Comprar um bilhete de avião não é sinónimo de ter lugar garantido no voo. Esta é uma realidade que surpreende muitos passageiros, que, apesar de terem reservado e pago, podem ser impedidos de embarcar devido ao fenómeno do overbooking.
O que é o overbooking e as razões por trás desta prática
Segundo a BBC, o overbooking acontece quando as companhias aéreas vendem mais bilhetes do que os lugares disponíveis no avião.
Esta prática visa compensar as falhas causadas por passageiros que não comparecem ao voo, evitando lugares vazios que resultariam em perdas económicas para as empresas.
De acordo com a mesma fonte, embora o overbooking seja justificado, pode originar problemas quando todos os passageiros aparecem, e a capacidade do avião não é suficiente para acomodar todos. Isto pode acontecer por falhas na previsão ou por troca de aeronave por um modelo com menos lugares.
Direitos do passageiro quando existe overbooking
O European Consumer Centre explica que as companhias aéreas devem informar os passageiros da situação e pedir voluntários para cederem o seu lugar em troca de compensações. Esta é a primeira abordagem para minimizar o impacto do overbooking.
Segundo o mesmo centro, se não existirem voluntários suficientes, a companhia pode negar o embarque a alguns passageiros contra a sua vontade.
Nestes casos, o regulamento europeu EU261/2004 garante aos afetados direitos como compensações financeiras, assistência durante a espera e transporte para o voo seguinte disponível.
Exemplos e conselhos para evitar surpresas
A BBC relata casos de passageiros que perderam o lugar em voos por motivos que incluem alterações inesperadas de aeronave.
Isto demonstra que mesmo com bilhete e cartão de embarque, o lugar pode não estar garantido.
O European Consumer Centre Portugal recomenda reservar lugares com antecedência, já que passageiros sem lugar marcado são os primeiros a perder o direito de embarque em situações de overbooking.

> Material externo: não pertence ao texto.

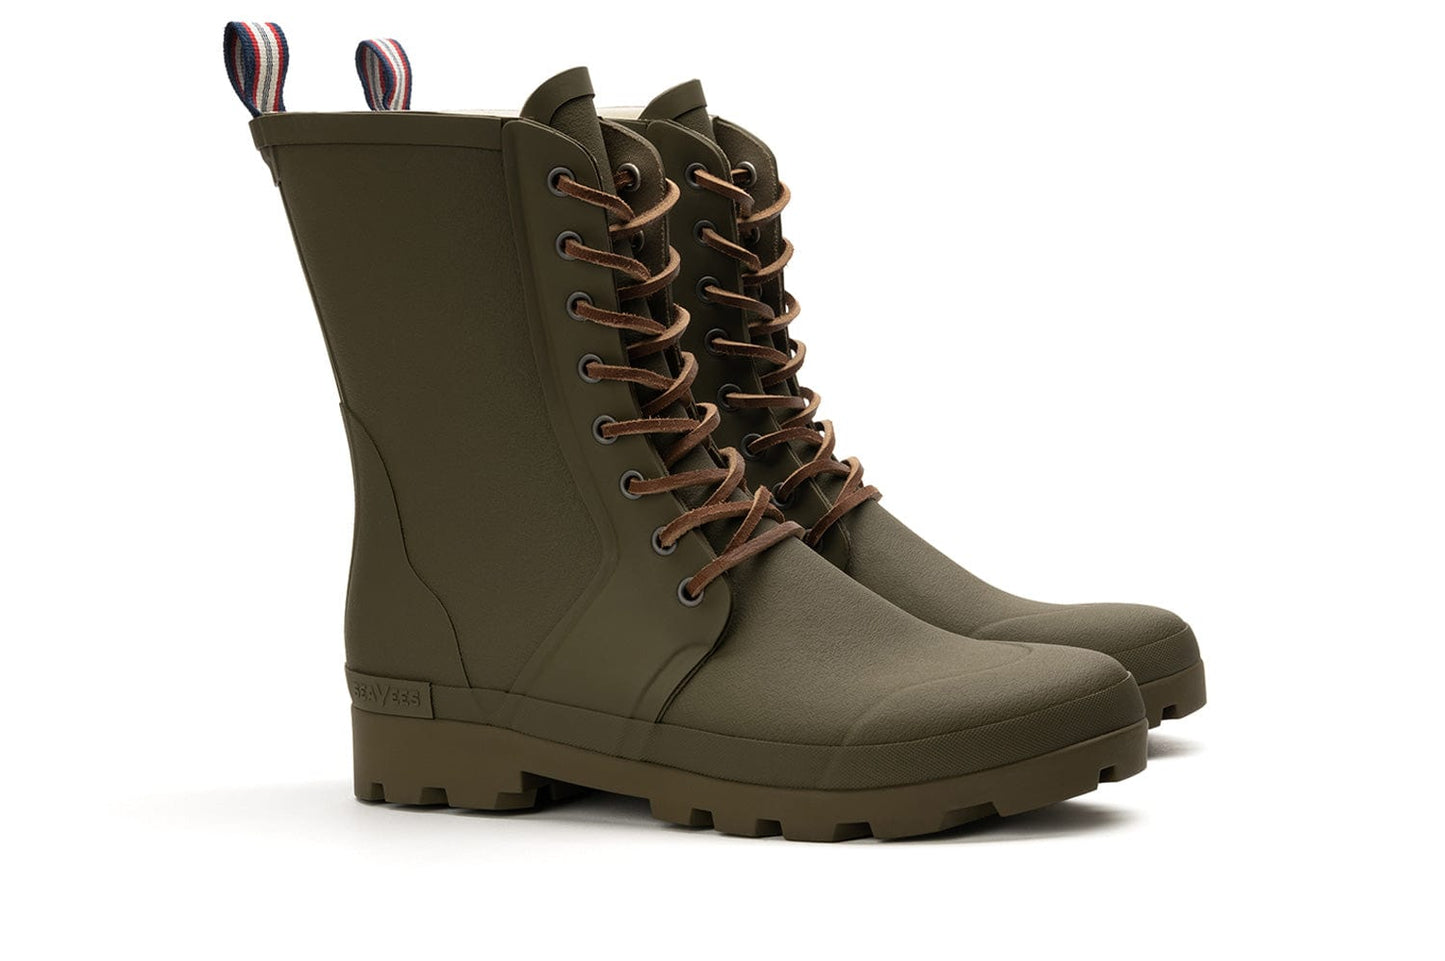 Mens - Marshall Boot - Military Olive

Além disso, é aconselhável chegar cedo ao aeroporto para facilitar processos de reacomodação se necessário.
Procedimentos e direitos em caso de recusa de embarque
De acordo com o ECC Portugal, em caso de recusa de embarque, o passageiro deve receber um comprovativo por escrito da companhia aérea que explique a situação. Este documento é importante para futuras reclamações.
Ainda segundo a mesma fonte, a companhia aérea tem obrigação de prestar assistência, incluindo refeições, alojamento e transporte, quando aplicável. Os passageiros também têm direito a uma compensação financeira que varia consoante a distância do voo e o atraso provocado.

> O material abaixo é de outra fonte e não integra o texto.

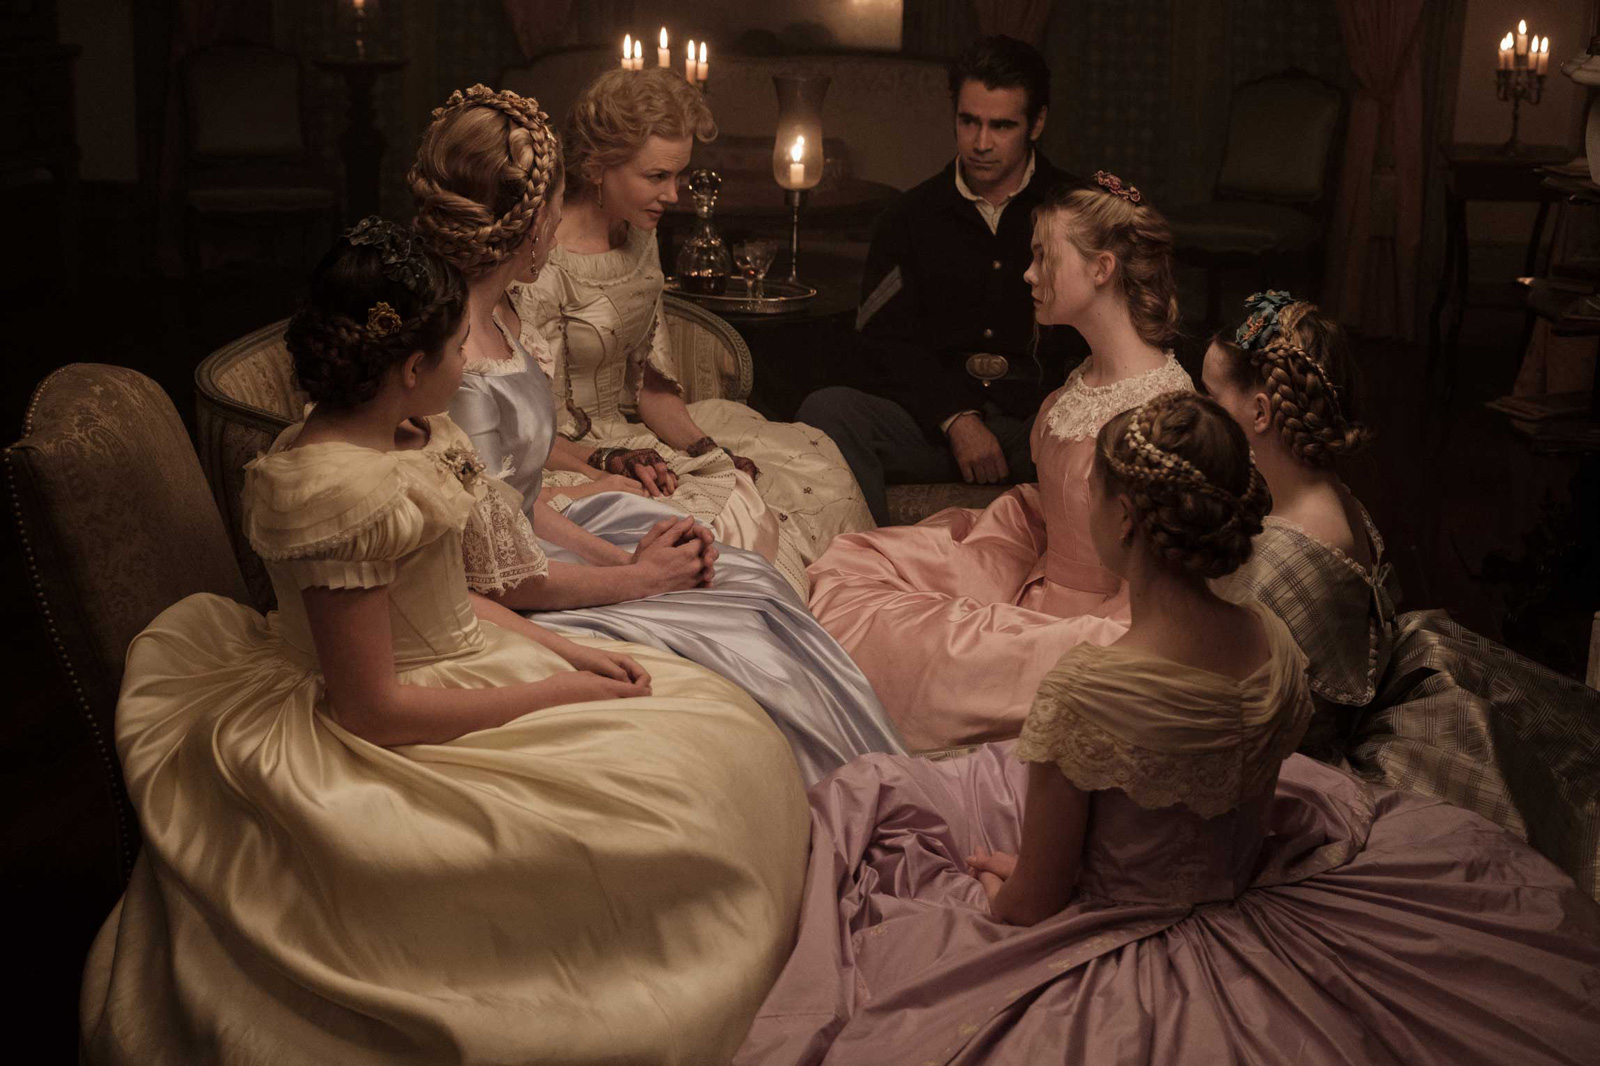 Nicole Kidman as Miss Martha, Colin Farrell as Corporal McBurney, Elle Fanning as Alicia, and others in Sofia Coppola's The Beguiled, 2017

A BBC acrescenta que, caso o passageiro opte por não aceitar o voo alternativo, pode pedir o reembolso total do bilhete, incluindo as partes da viagem que não foram utilizadas.
Finalmente, se os direitos não forem respeitados, o passageiro pode apresentar queixa junto da Autoridade Nacional da Aviação Civil (ANAC), responsável pela fiscalização e proteção dos consumidores em Portugal.